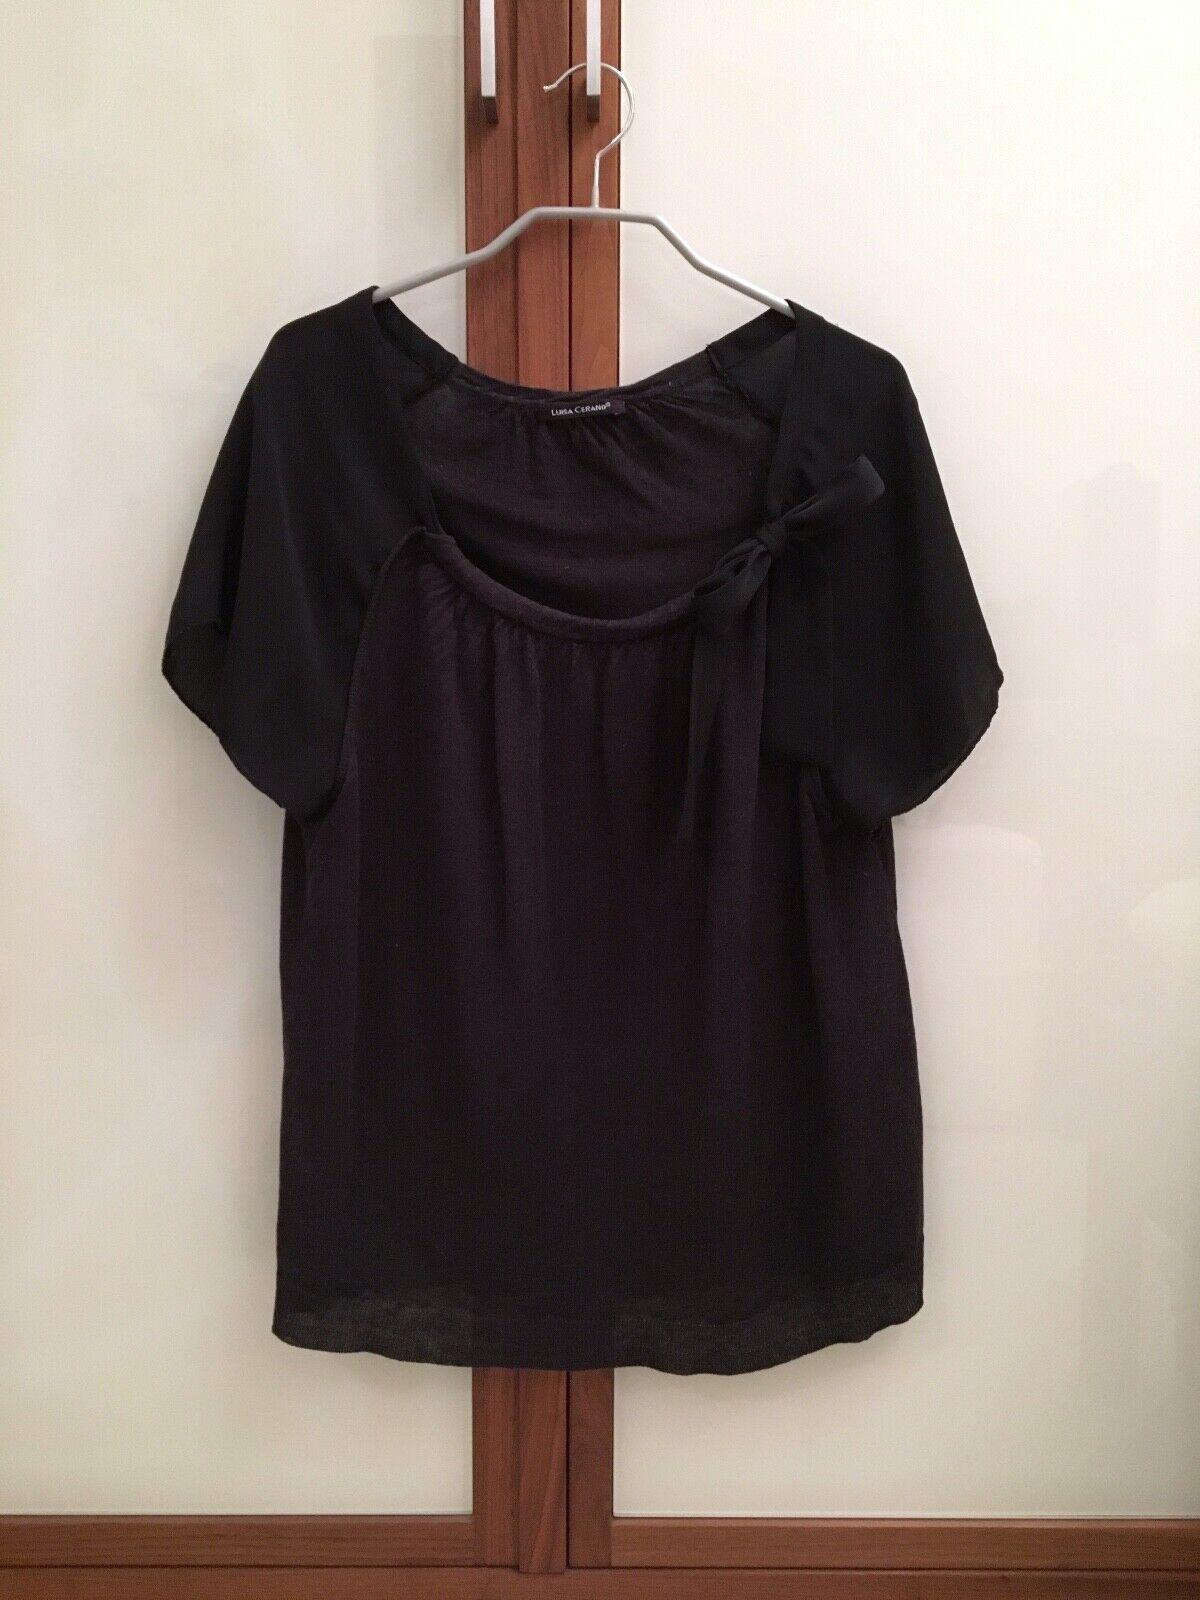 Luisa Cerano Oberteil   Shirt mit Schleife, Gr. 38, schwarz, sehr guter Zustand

...

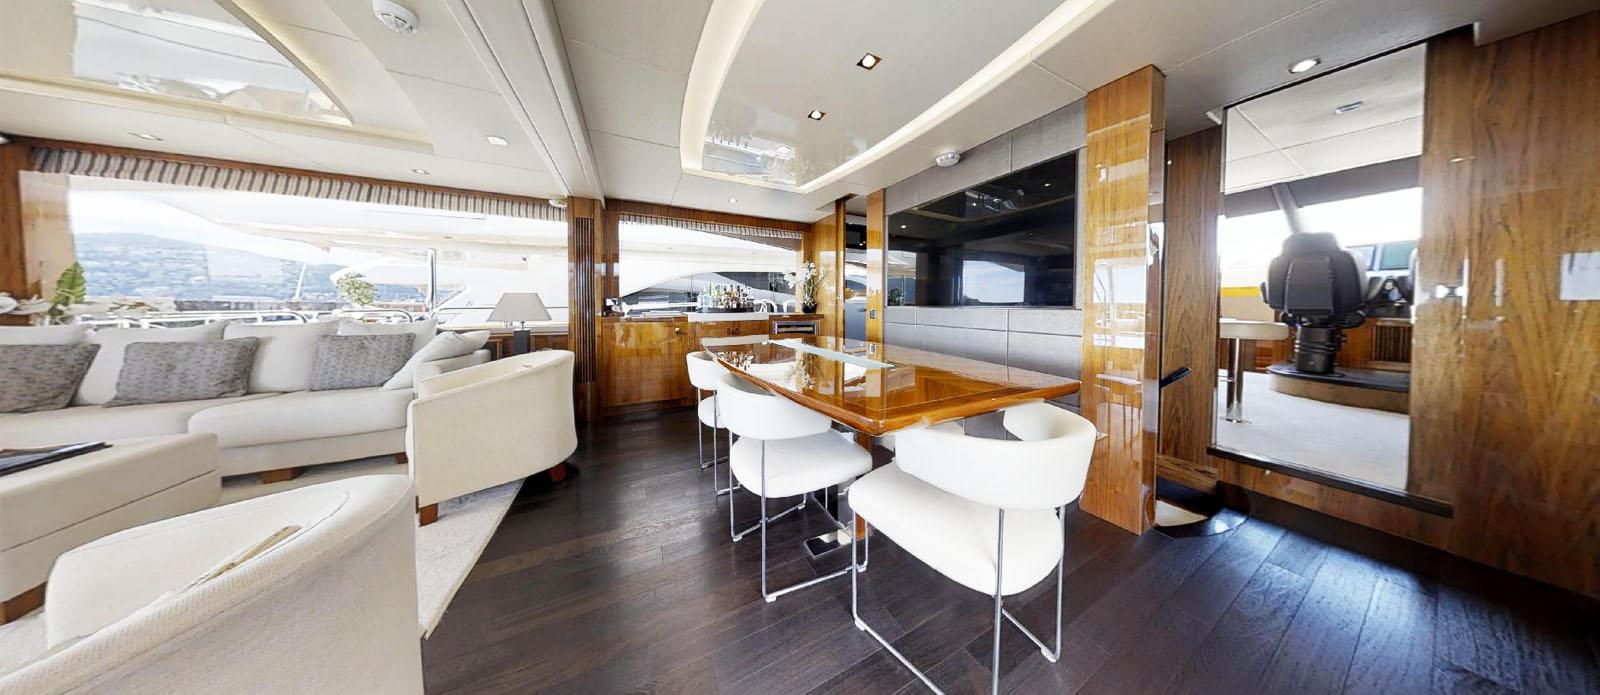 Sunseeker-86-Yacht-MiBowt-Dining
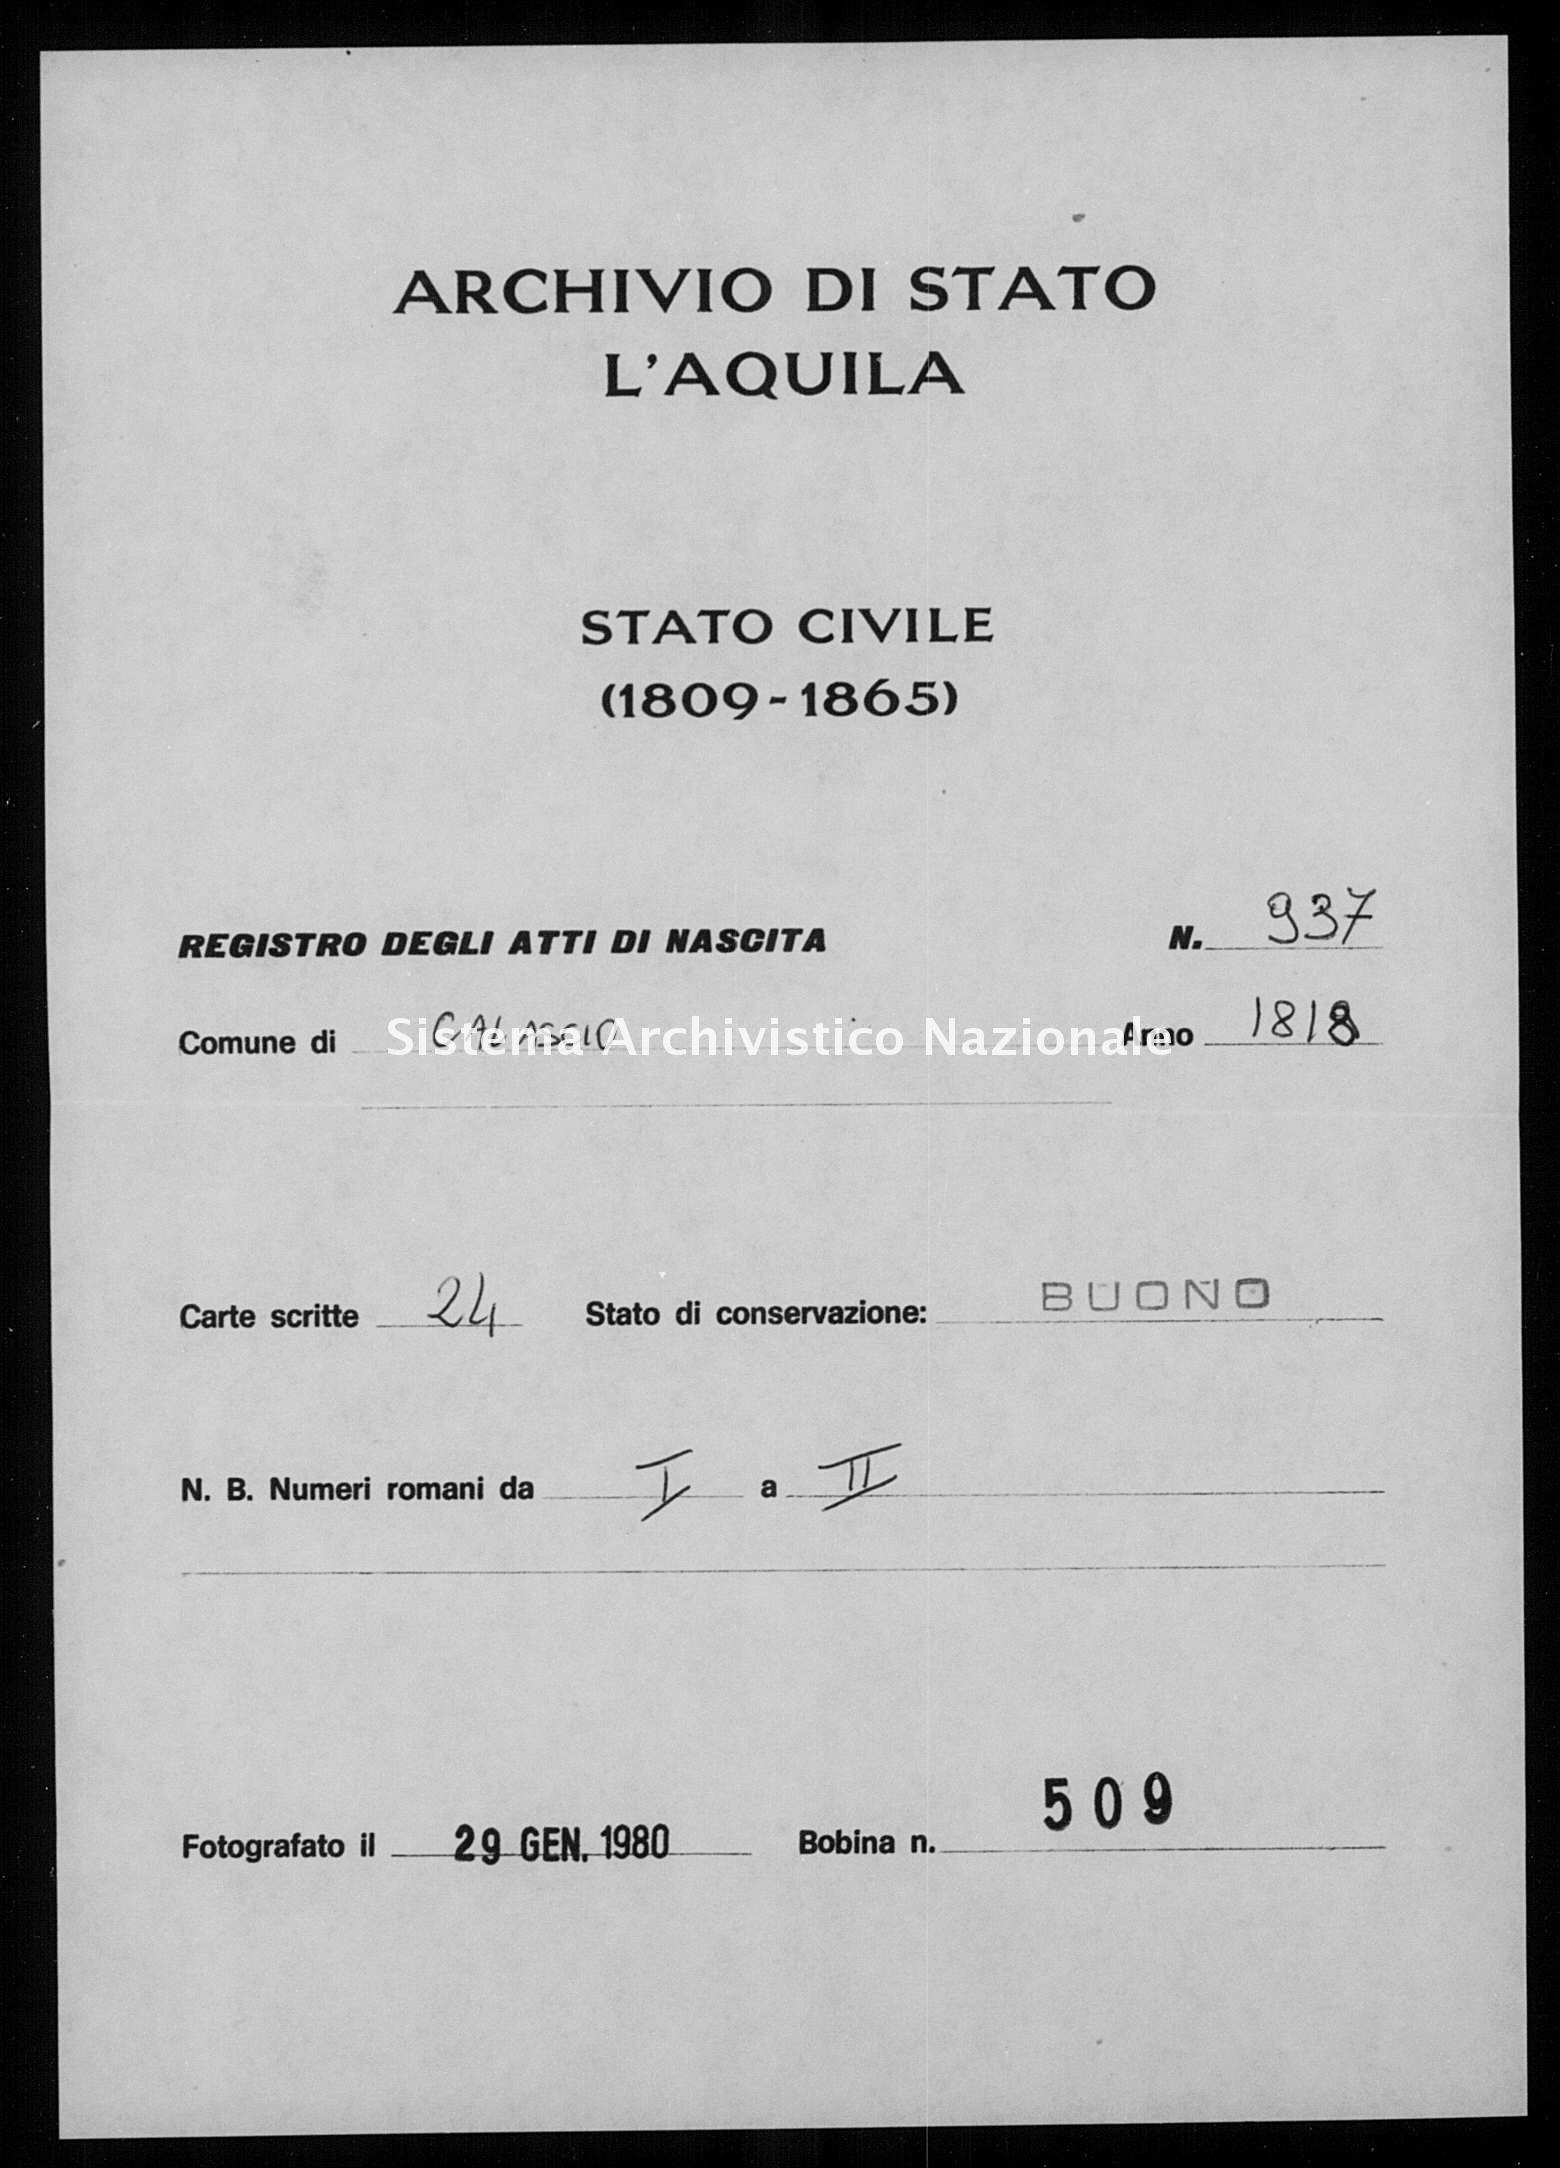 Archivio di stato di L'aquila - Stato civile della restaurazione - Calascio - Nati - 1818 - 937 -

Task prompt:
Above are some records; extract exactly the lines from the one containing "Sunseeker-86-Yacht-MiBowt-Dining" through the one containing "Archivio di stato" and drop the pictures.

Answer:
 Sunseeker-86-Yacht-MiBowt-Dining
 Archivio di stato di L'aquila - Stato civile della restaurazione - Calascio - Nati - 1818 - 937 -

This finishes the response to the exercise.